── RECORD EXTRACTS ──

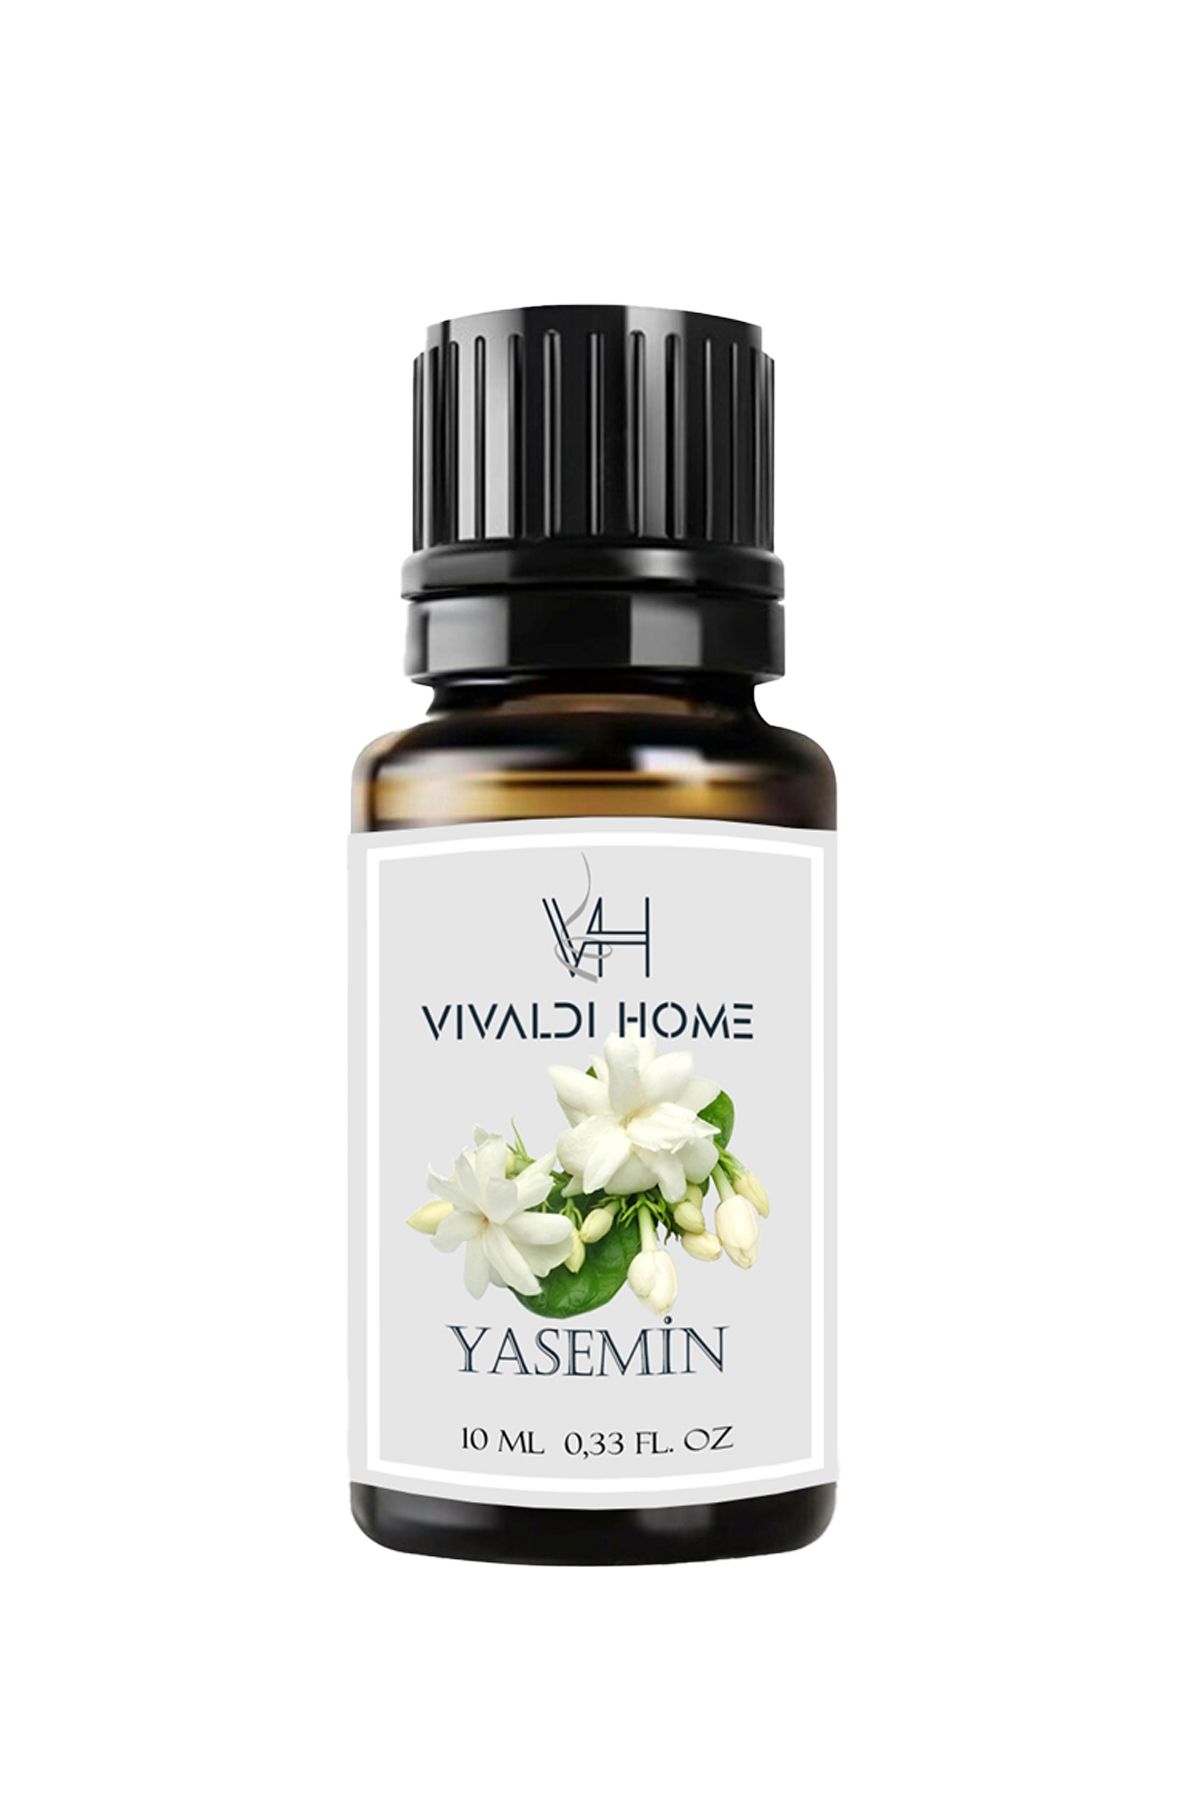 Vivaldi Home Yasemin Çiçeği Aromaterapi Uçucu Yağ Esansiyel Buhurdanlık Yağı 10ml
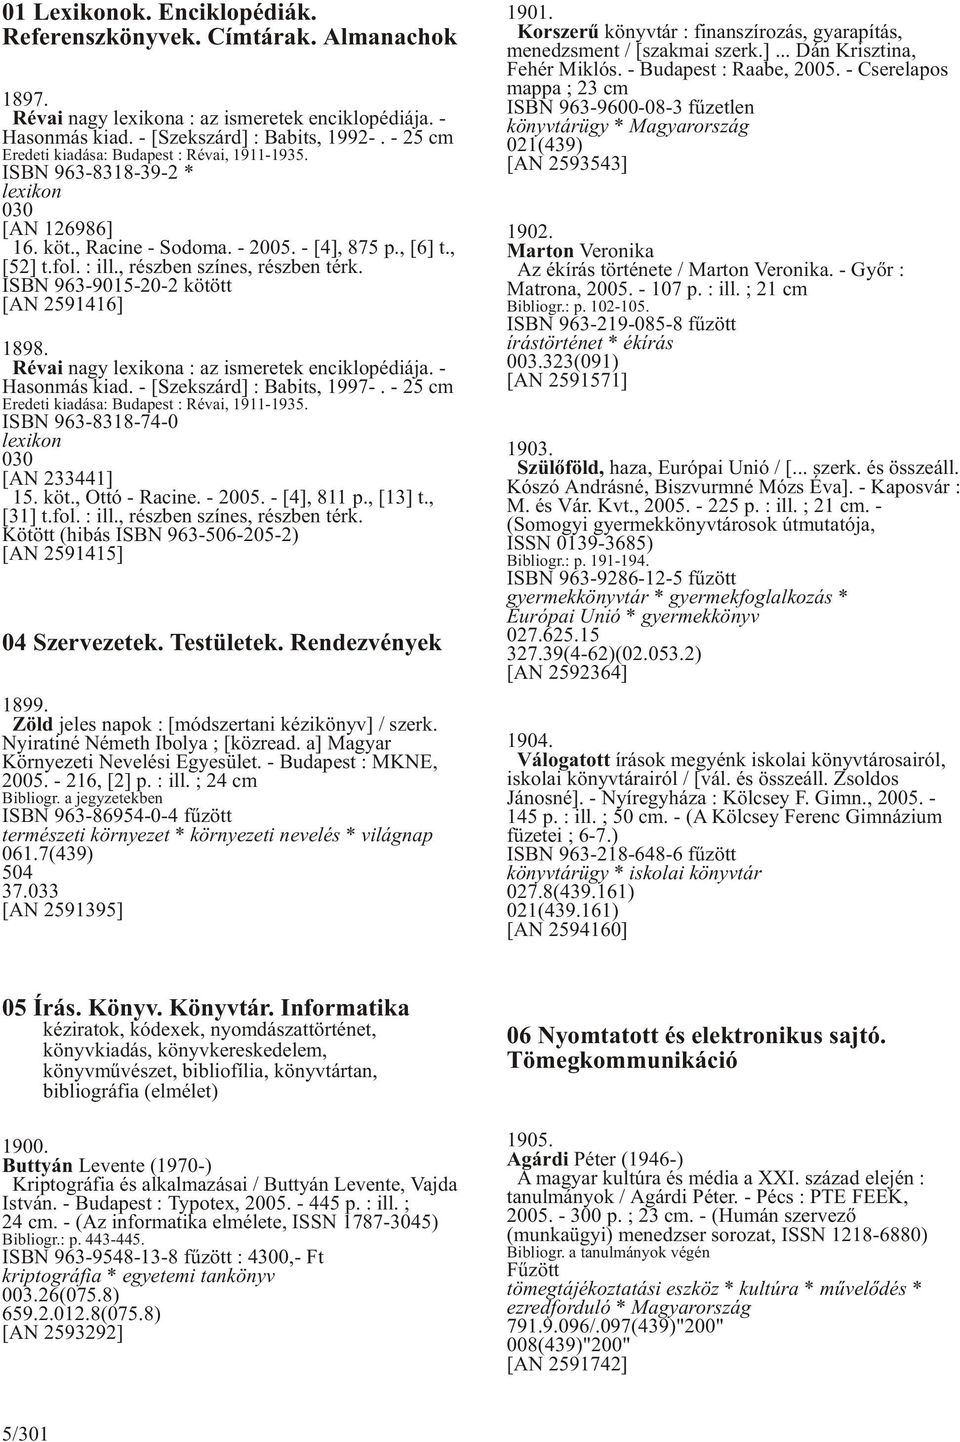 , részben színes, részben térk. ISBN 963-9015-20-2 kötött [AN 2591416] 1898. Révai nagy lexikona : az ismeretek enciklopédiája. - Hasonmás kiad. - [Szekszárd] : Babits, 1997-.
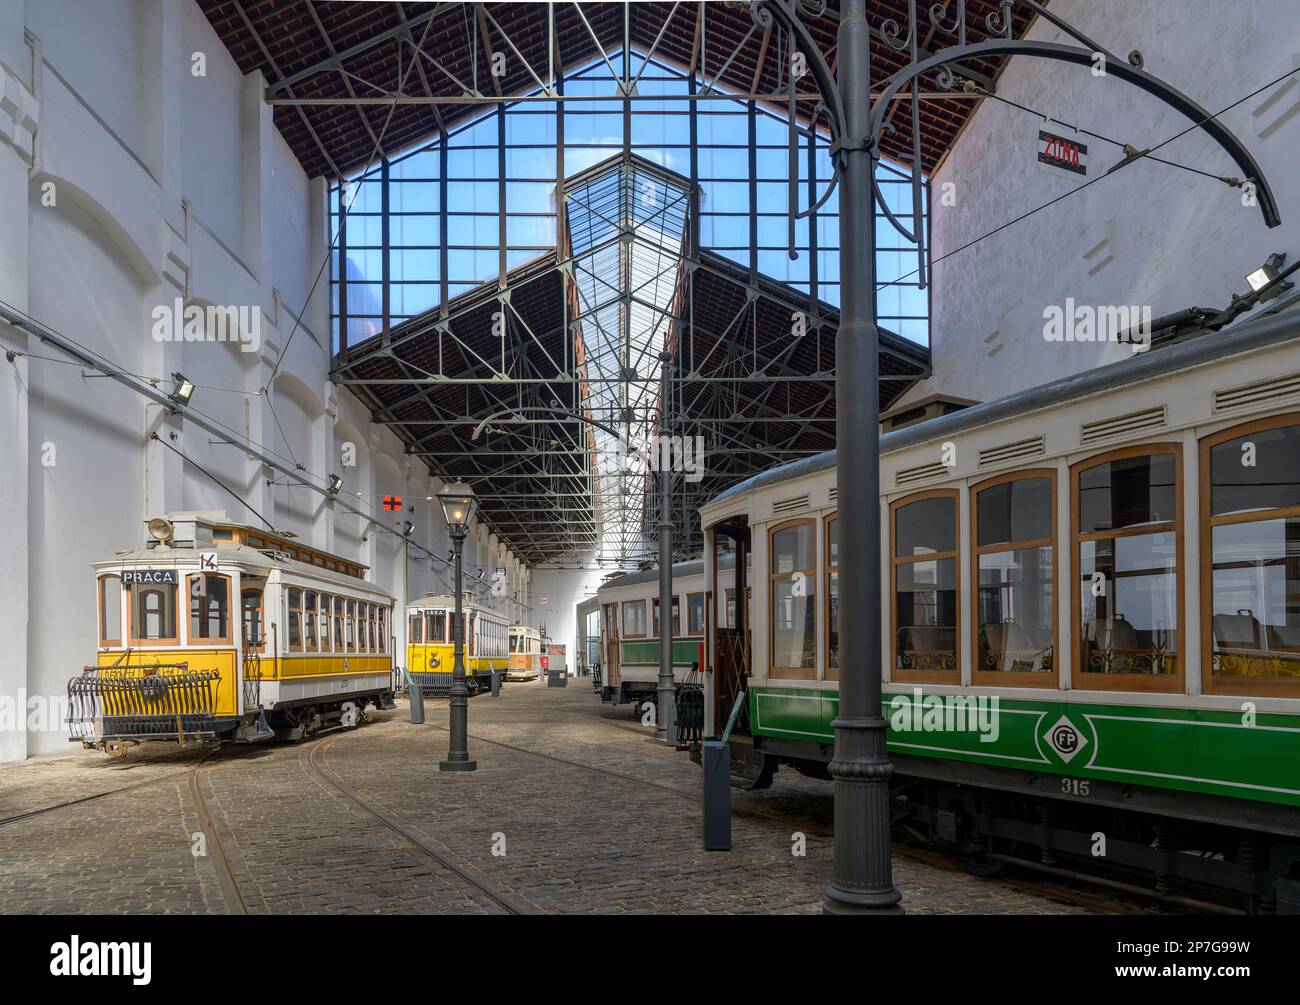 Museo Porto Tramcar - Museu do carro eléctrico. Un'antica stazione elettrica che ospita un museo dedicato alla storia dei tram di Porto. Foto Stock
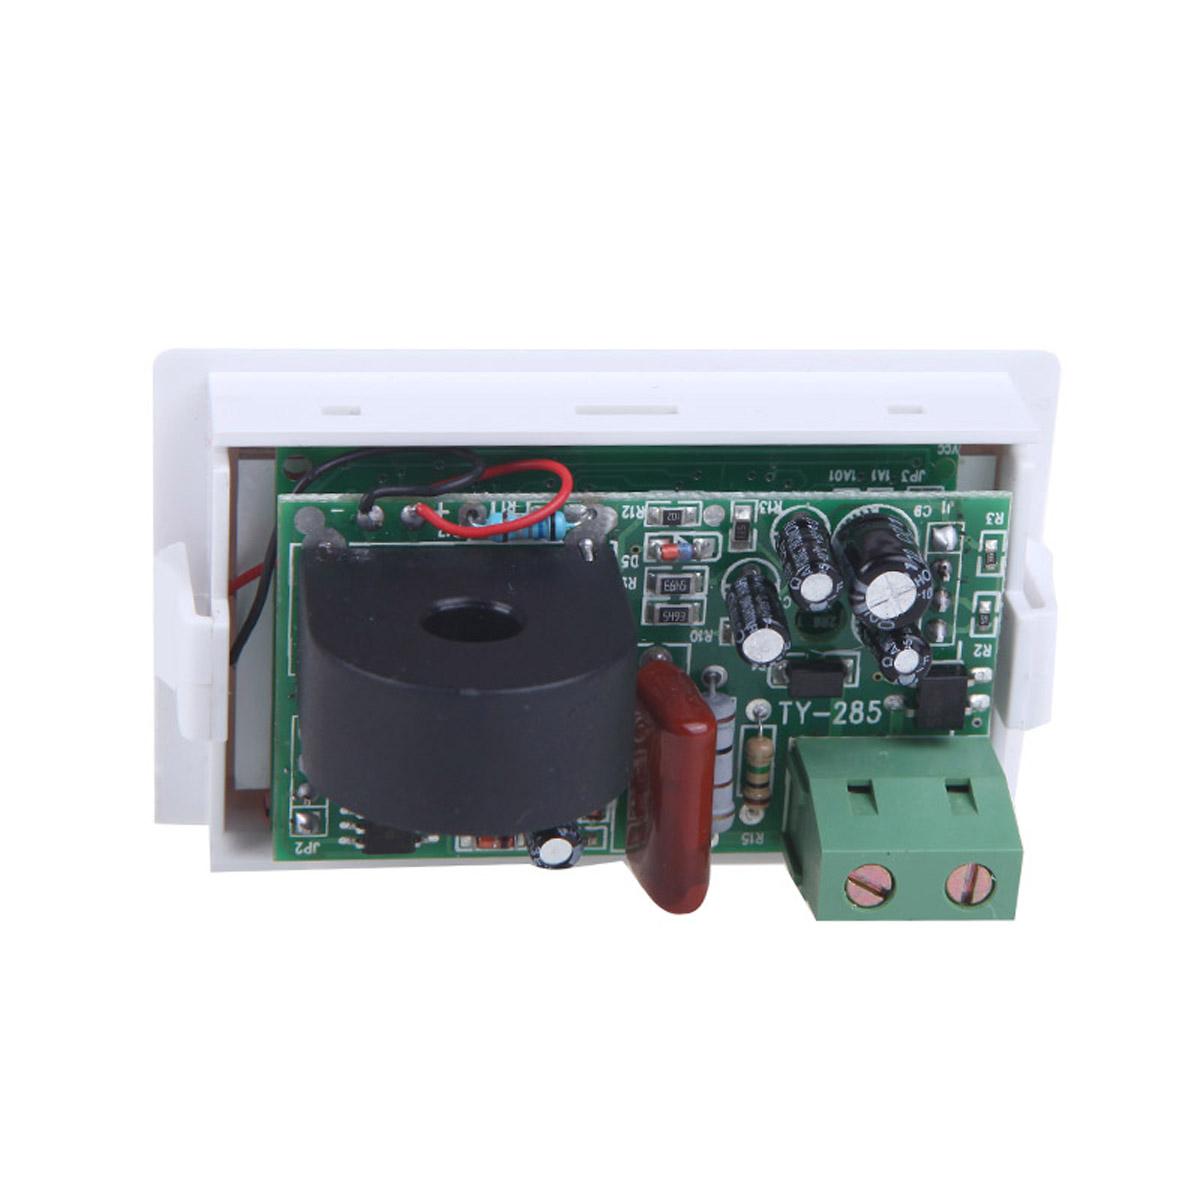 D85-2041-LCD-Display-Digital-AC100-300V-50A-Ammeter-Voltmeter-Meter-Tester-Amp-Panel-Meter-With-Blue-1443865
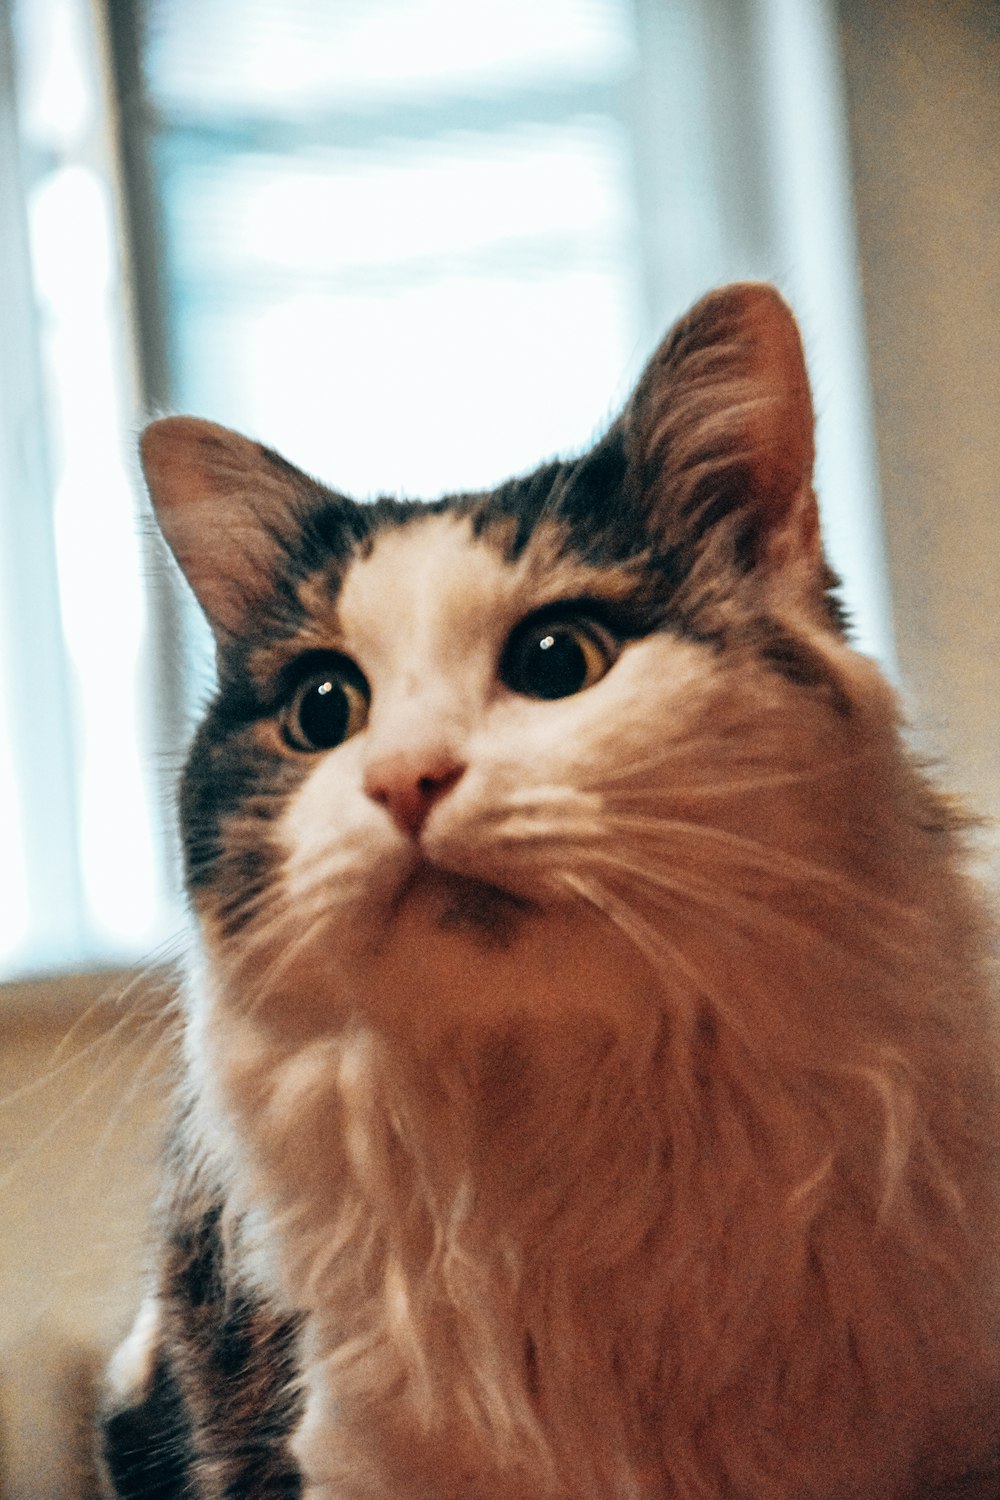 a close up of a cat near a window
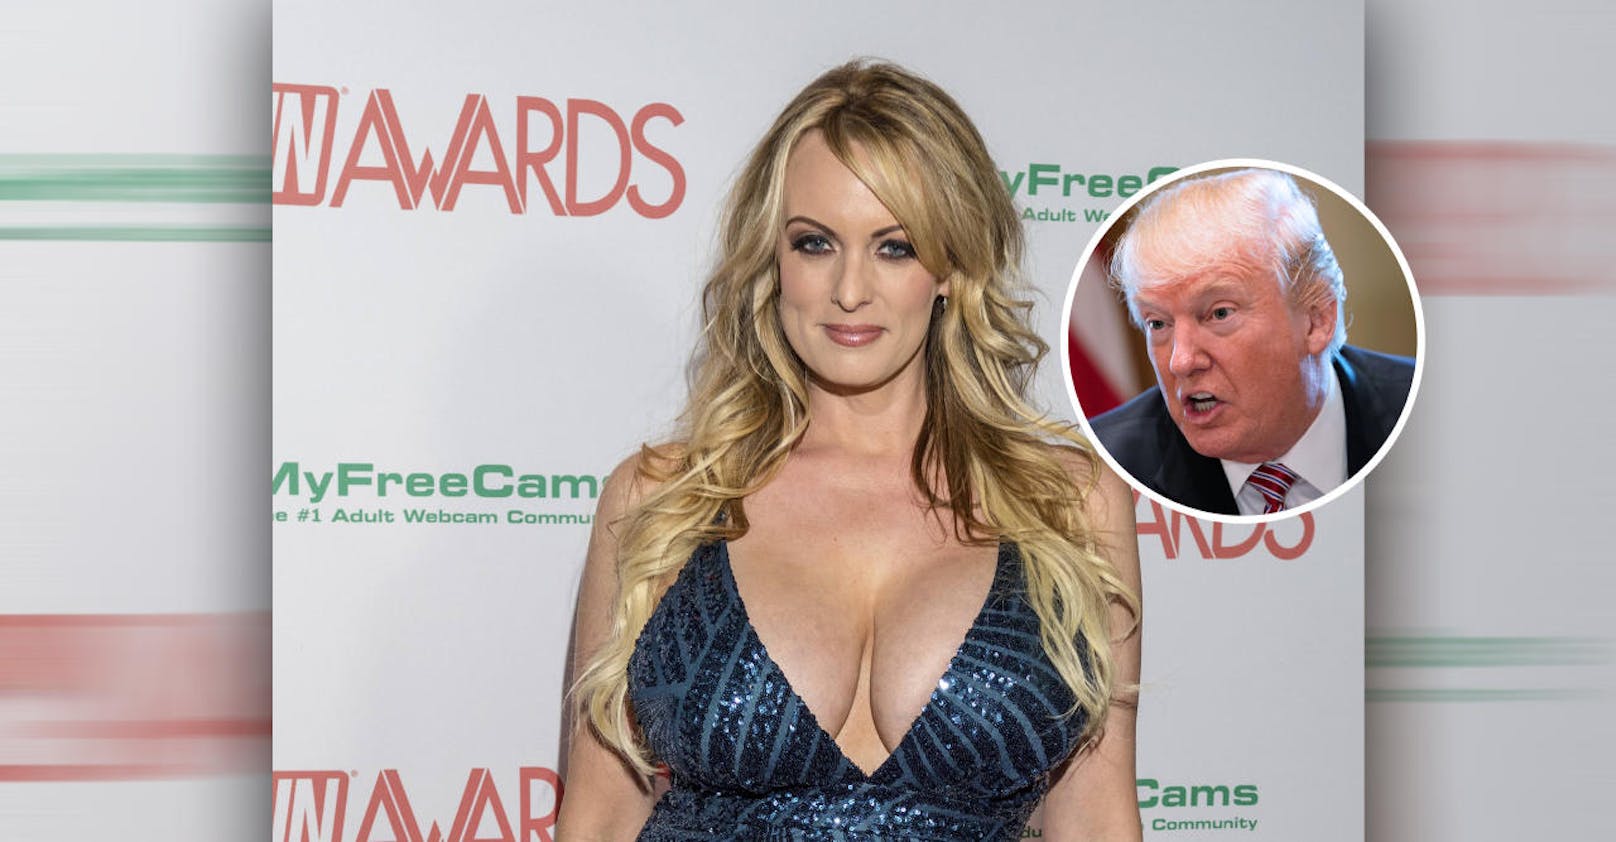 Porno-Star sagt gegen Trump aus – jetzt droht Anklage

───

▶ **DIRECTIONS**
Write out the entries above verbatim; the pictures do not belong in your copy.

▶ **WRITTEN ANSWER**
 Vivaldi Home Yasemin Çiçeği Aromaterapi Uçucu Yağ Esansiyel Buhurdanlık Yağı 10ml
 , részben színes, részben térk. ISBN 963-9015-20-2 kötött [AN 2591416] 1898. Révai nagy lexikona : az ismeretek enciklopédiája. - Hasonmás kiad. - [Szekszárd] : Babits, 1997-.
 Museo Porto Tramcar - Museu do carro eléctrico. Un'antica stazione elettrica che ospita un museo dedicato alla storia dei tram di Porto. Foto Stock
 D85-2041-LCD-Display-Digital-AC100-300V-50A-Ammeter-Voltmeter-Meter-Tester-Amp-Panel-Meter-With-Blue-1443865
 a close up of a cat near a window
 Porno-Star sagt gegen Trump aus – jetzt droht Anklage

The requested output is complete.